#Load necessary libraries
library(tidyverse) #this package contains most common R functions
library(epiextractr) #allows you to get CPS (e.g., Basic, ORG) extracts
library(slider) #contains the sliding mean function(Monthly) Rolling averages
This script will teach you how to calculate simple monthly rolling averages using CPS data and employment-to-population ratios (EPOPs). It accounts for missing months of data, such as the October 2025 gap due to the government shutdown and resulting lapse in Bureau of Labor Statistics appropriations.
Load required libraries
The following chunk of code loads the R libraries necessary for this exercise. You may need to install them to run this code. If you haven’t yet set up your computer to run EPI CPS microdata extracts, complete that process before running this code.
Import and clean data
Note: Don’t forget to update years to match your setup before running the script.
Running this script chunk will call the BLS Current Population Survey Basic data required to calculate rolling average EPOPs.
# Step 1: Import CPS Basic data
cps_data <- load_basic(2023:2026, year, month, basicwgt, emp, age, cow1) |>
mutate(weight = basicwgt) Calculate EPOPs
This code chunk creates a universe variable that restrictions the data to observations with employment data (i.e., excludes NA responses).
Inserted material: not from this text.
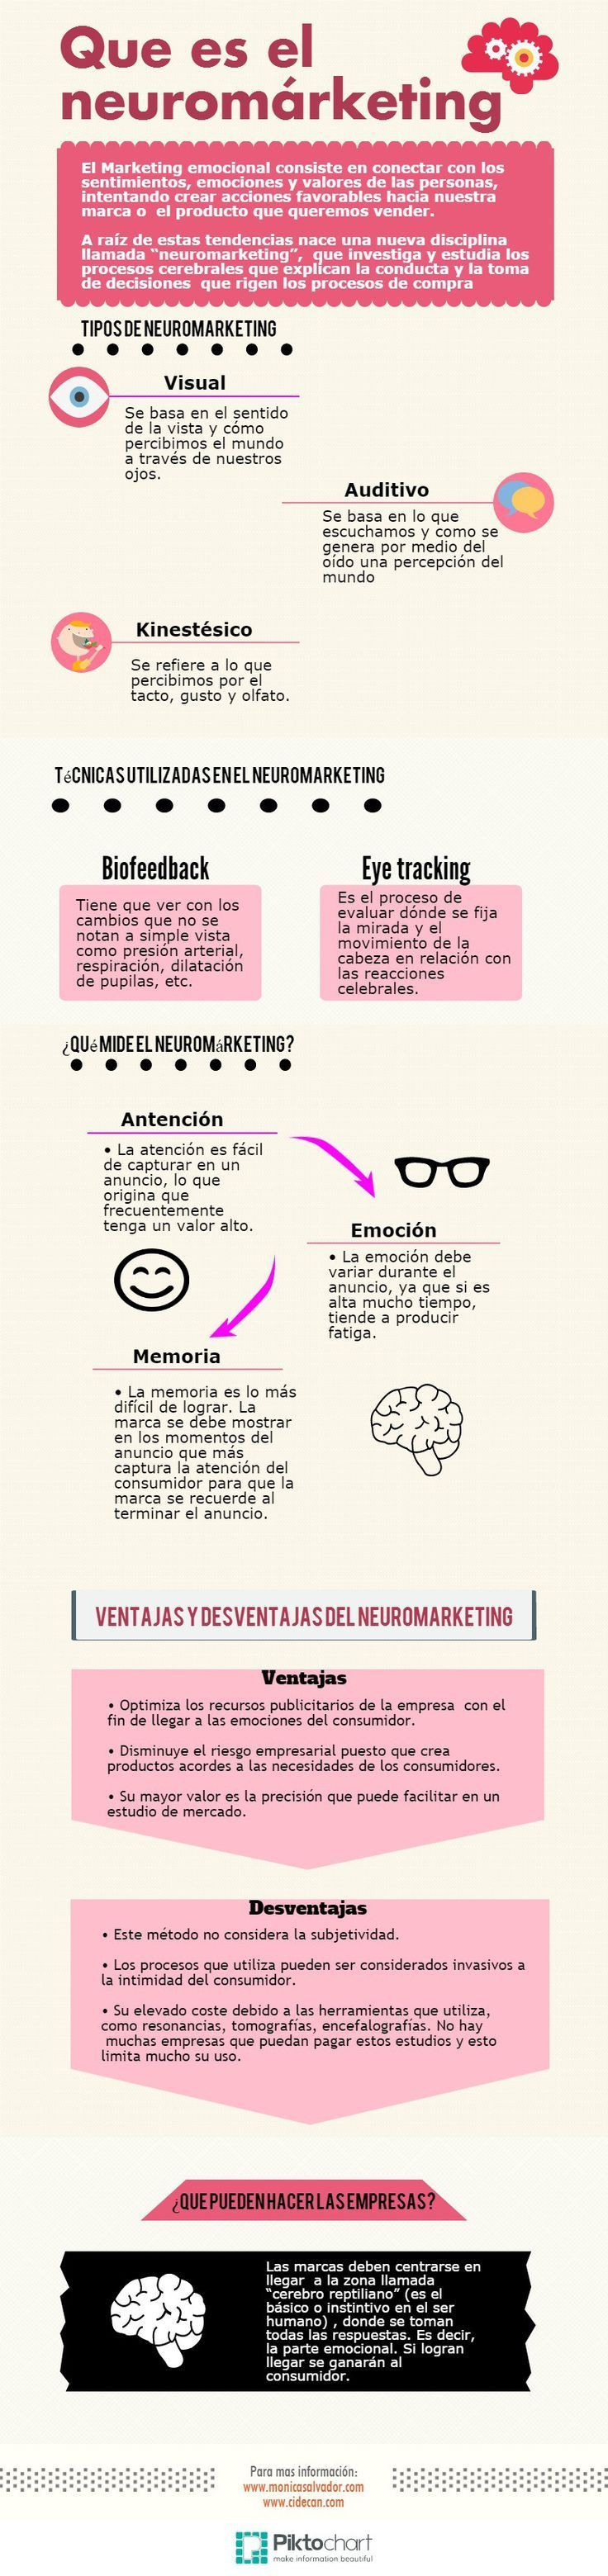 Cómo utilizar el #neuromarketing | www.neuromarketingytecnologia.com/blog

The the code divides the total weighted number of employed people (count) by the total universe count. The output lists EPOPs, total counts, and sample sizes by month and year.
# Step 2: calculate monthly weighted counts, universe, and sample size
monthly_data <- cps_data |>
mutate(universe = if_else(!is.na(emp), 1, 0)) |>
#swap out emp here for another variable to calculate a different statistic
summarize(count = sum(emp * weight, na.rm = TRUE),
universe_total = sum(universe * weight, na.rm = TRUE),
sample_size = sum(universe, na.rm = TRUE), .by = c(year, month)) |>
mutate(percent = count / universe_total) Calculate rolling average
This section smooths the data over a calendar year. The slide_index function takes a certain number of calendar months as an input, rather than a fixed number of rows (in this case, months). This means that it consistently calculates the mean over a set time period and adjusts the denominator based on whether months during that window are missing. Alternative methods often only accept a constant number of rows, and so will look back farther (i.e., at extra months) if any are missing.
In other words, a 12-month rolling average for November 2025 goes back to October 2024 and ‘counts’ the blank data in October 2025 as a month (while still averaging over 11 months’ worth of data). This method will adapt to any gaps in the data and maintain a consistent average.
In order to change the rolling length, change the months(x) value. This code calculates 12-month rolling averages; a smaller number of months will be more susceptible to short-term changes such as business cycles or seasonal employment. On the flip side, a high number of months will smooth out shorter-term or temporary changes, like the effects of recent policy, but will include more robust sample sizes. Consider this when deciding how many months (or other measure) to include.
smoothed_monthly_data <- monthly_data |>
mutate(date = as.Date(paste(year, month, "01", sep = "-"))) |> #format date label
arrange(date) |>
mutate(percent = slide_index_dbl(percent, date, mean, .before = months(11), .complete = TRUE),
count = slide_index_dbl(count, date, mean, .before = months(11), .complete = TRUE),
sample_size = slide_index_dbl(sample_size, date, sum, .before = months(11), .complete = TRUE)) And that’s it! You can alter this code to look at specific demographic cuts, such as filtering to specific racial/ethnic groups or to prime-age (24-54 year old) workers. You can also use this code to look at other variables–the rolling average section is written ambigously enough to allow for many different variables.
I’d also recommend benchmarking your data to the State of Working America Data Library to ensure reliability. As always, be sure to keep an eye on those sample sizes!